When no lactose is present, a protein called the lac repressor is bound to the operator and the state of the lac operon is “off”. (See following figure.) The gene for the lac repressor is a constitutive gene: It is always expressed because it is the recipe for an essential protein. On the other hand, a regulated gene is expressed selectively. The lac repressor has a second, allosteric, binding site. When lactose is present, an isomer of lactose binds to the allosteric site of the repressor, which causes it to change its form and unbind from the operator. The lac operon is now in the “on” state. This form of regulation is called induction: Lactose is said to be the inducer of the lac operon and acts through the allosteric site of the lac repressor. Transcription now occurs, but slowly, because some glucose still may be present. But are the proteins mapped by the lac-digesting genes needed? In other words, is glucose very lacking?
The answer to that question and the second part of this process depends on the presence of glucose and is regulated by a second DNA-binding protein, CAP (catabolite activator protein). CAP is also an allosteric protein with one DNA-binding site and one allosteric site which binds to cyclic AMP (cAMP). CAP is only active when it is bound to cAMP. You guessed it, cAMP levels are high when glucose levels are low.5)If we go one step back, we see that glucose binds to an allosteric site on the enzyme adenylate cyclase, which makes cAMP from ATP, and disables it. So glucose binds to adenylate cyclase, which makes cAMP, which binds to CAP, which binds to the promoter to promote transcription of the genes. “Head bone’s connected to the neck bone…” In that case, cAMP-CAP binds to the promoter and enhances transcription of the genes. So lactose can be considered the “on-off” switch for transcription of genes for lactose-digestion and cAMP-CAP, the “volume control”.
Regulation of eukaryotic cells
In eukaryotic cells, transcription occurs inside the nucleus and translation outside, so mRNA has to be shuttled across the nuclear membrane in between the two processes. Regulation in eukaryotic cells therefore may take place inside or outside the nucleus or at any step in the expression pathway, including control of access to the gene in the DNA, control of transcription, pre-mRNA processing, mRNA lifetime, translation and even final-protein modification.

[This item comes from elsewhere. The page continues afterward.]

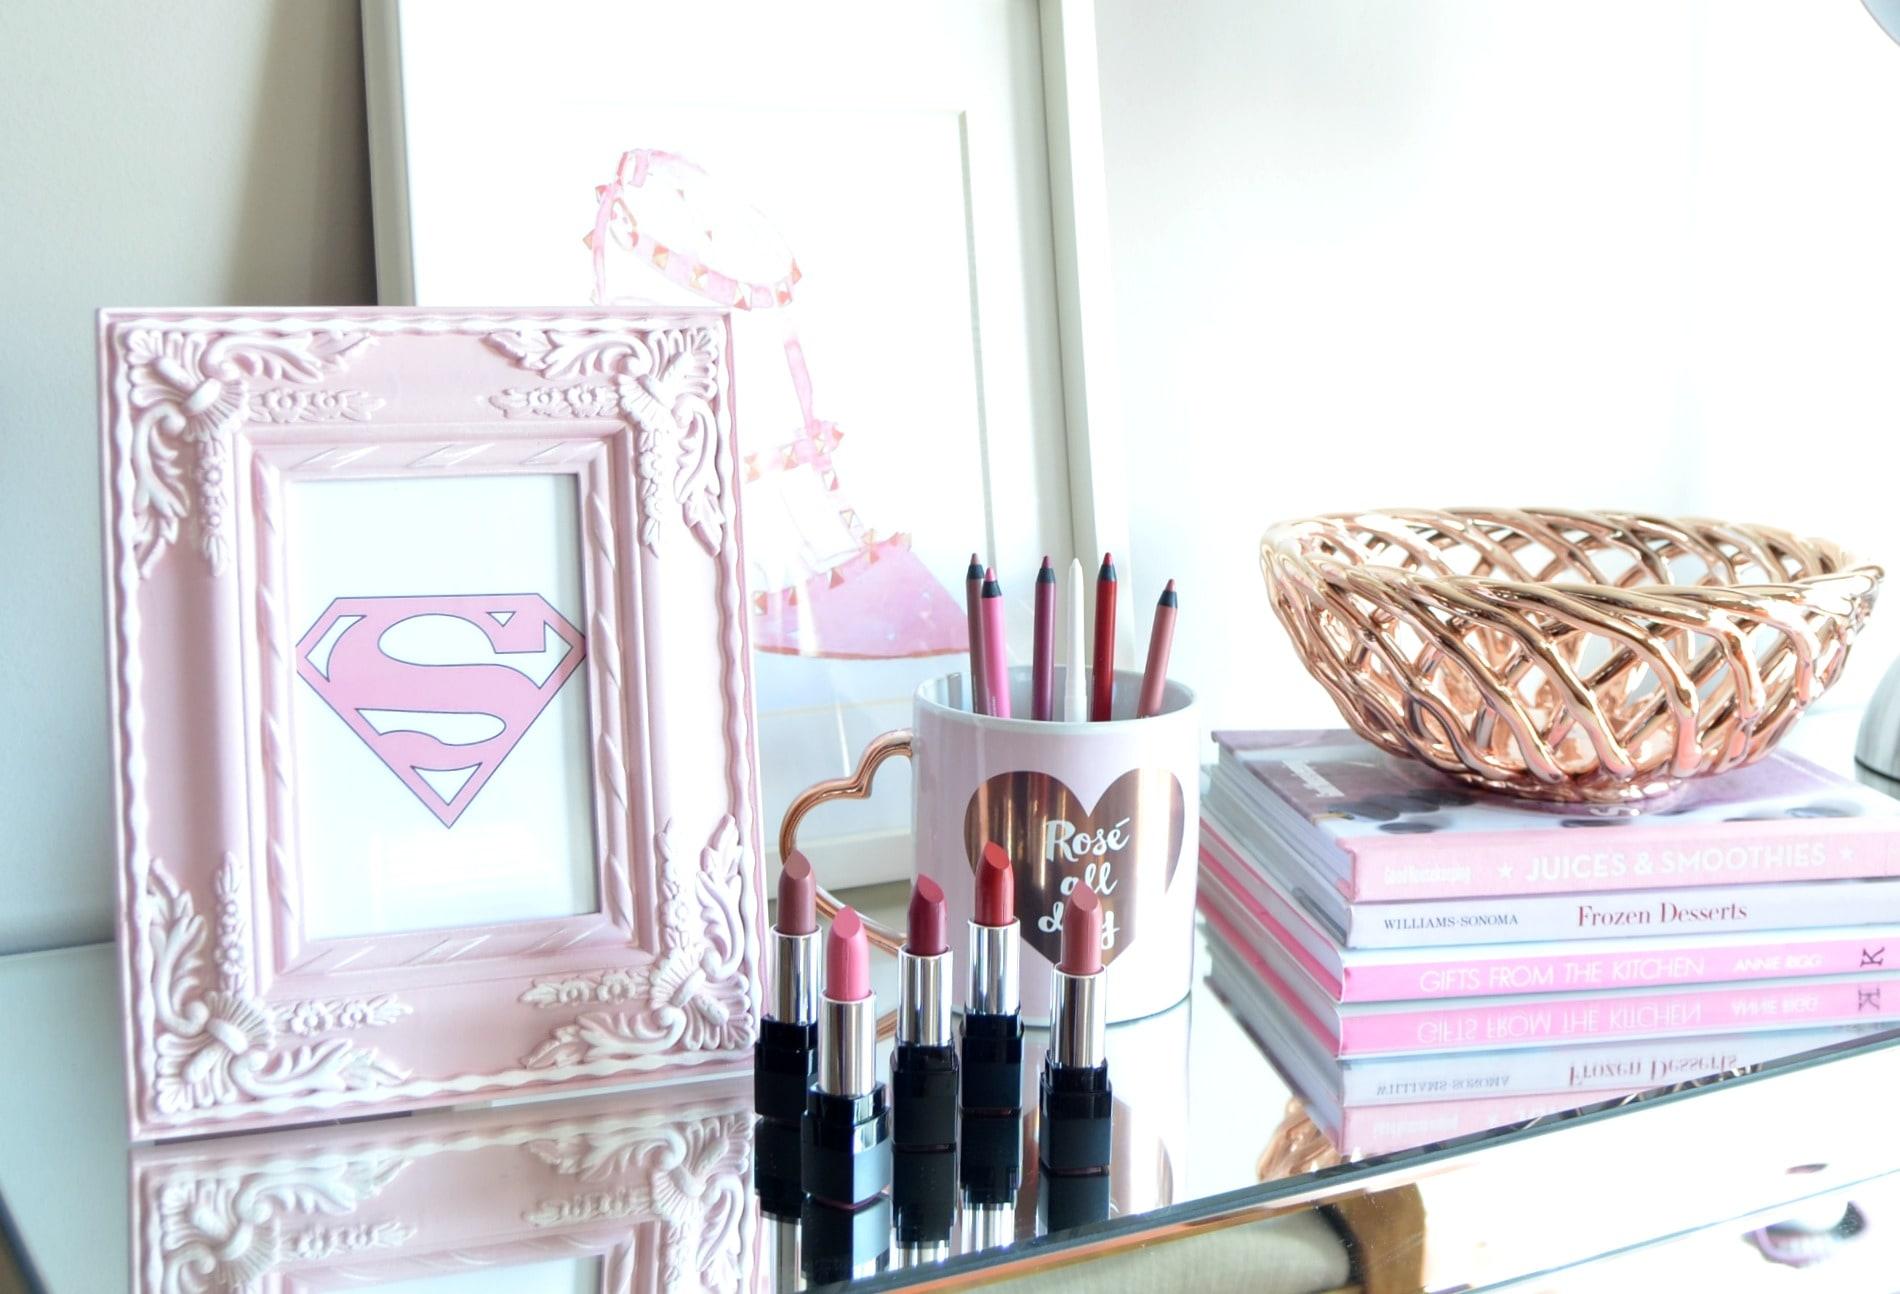 Marcelle Rouge Xpression Velvet Gel Lipstick

Inside the nucleus, histones, around which chromatin is wound to make nucleosomes, can wind or unwind to change spacing of the nucleosomes and thereby allow or deny access to genes. This process is called epigenetic regulation.6)Look out, epigenetic regulation is used for somewhat different notions, too, and they are not all necessarily so. Since histones are positively charged and DNA, negatively, modifying the charge by adding chemical “tags” to either modifies the configuration of the DNA.
Transcription in eukaryotic cells is controlled by transcription factors (TFs), regulatory proteins which may bind to a number of different sites on the DNA to either promote or inhibit transcription. RNA polymerase can only bind to a transcription-factor complex in eukaryotic cells, so transaction factors are essential for transcription. Such sites exist near the promoter as well as at points far away from them. The promoter is recognized by its beginning, the TATA box, which contains the seven-nucleotide sequence TATAAAA. Selective promotion or inhibition at combinations of these sites can bring about tissue-specific gene expression. General transcription factors affect any gene in all cells; regulatory transcription factors affect specific genes according to the cell. In addition, environmental changes may bring about different gene expression according to current, perhaps temporary needs.
The two types of transcription factors work together with three types of regulatory sequences to regulate transcription in eukaryotic cells.
- promoter proximal elements are, of course, near the promoter and turn transcription on;
- enhancers are far from the regulated genes and also turn the transcription on;
- silencers (or repressors) are also far away from the regulated genes and turn transcription off.
In between transcription and translation, proteins may interfere with spliceosomes to modify splicing of pre-mRNA. Thus, different intron selections can allow different mRNAs to be produced from the same pre-mRNA, a phenomenon known as alternative splicing, as already mentioned.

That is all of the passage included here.